# Auto ML model selection

AutoML allows us to try multiple algorithms and preprocessing transformations on our data. This, alongside the scalable cloud-based compute makes it possible for us to find best performing model of our data.

This feature can be run only in an Enterprise version.

AutoML can be used for Clasification, Regression or Time Series Forecasting.
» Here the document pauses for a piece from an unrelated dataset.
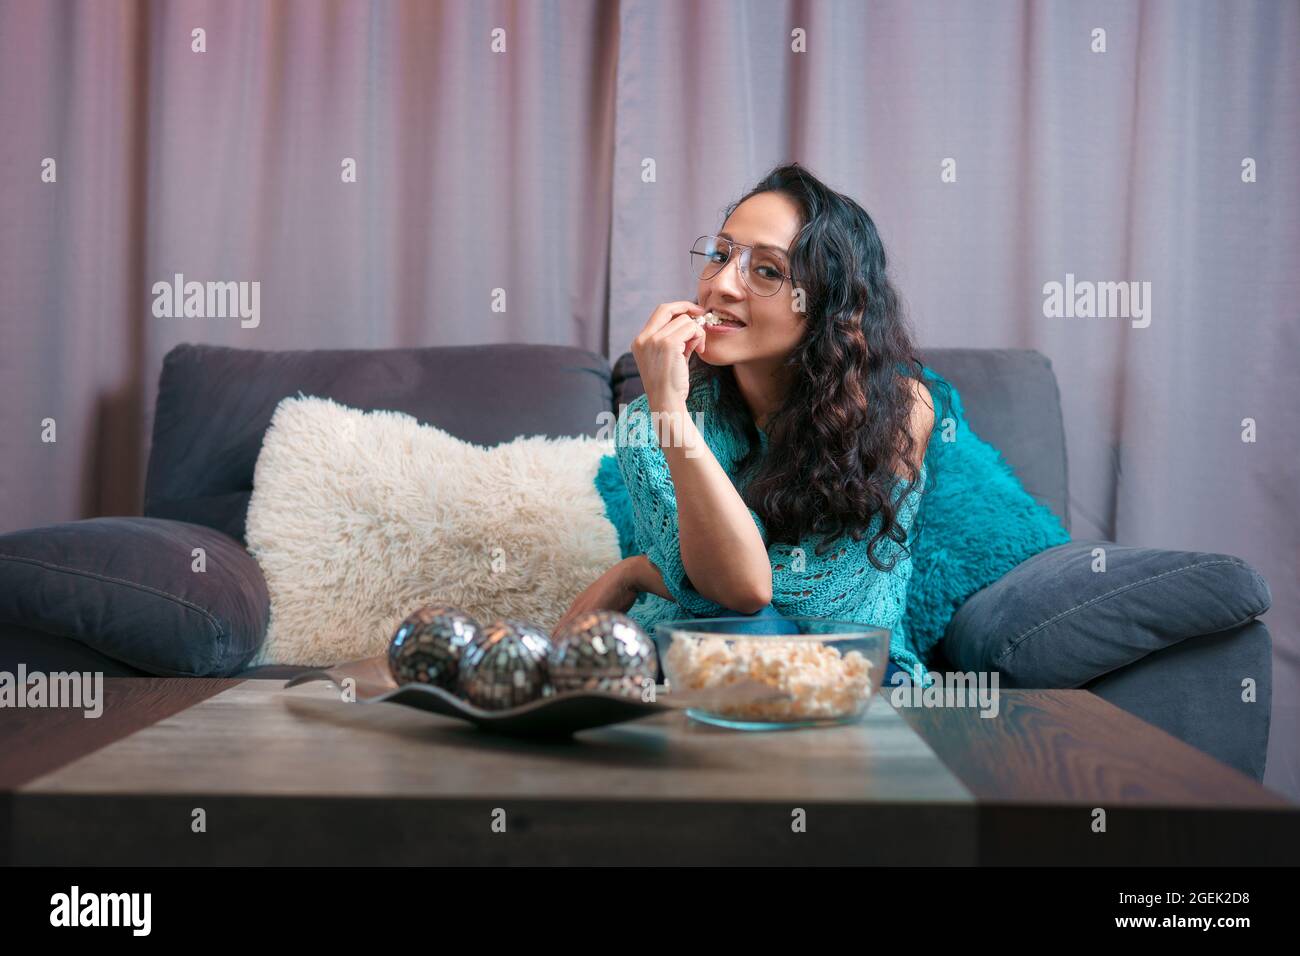 Horizontale Ansicht einer Frau, die zu Hause einen Film sieht, sitzt sie sehr ruhig auf ihrem Sofa und blickt auf die Kamera und isst viel Popcorn Stockfoto

By default, AutoML will randomly select from the full range of algos for a specific task. You can choose to block certain algos from being used if you know your data is not suited to that algo, or you have to comply with a policy that restricts the type of ML you can use in your organisation.

As well as using randomly selected algos on your data, it can also apply preprocessing transformation on your data. This will improve the performance of the model.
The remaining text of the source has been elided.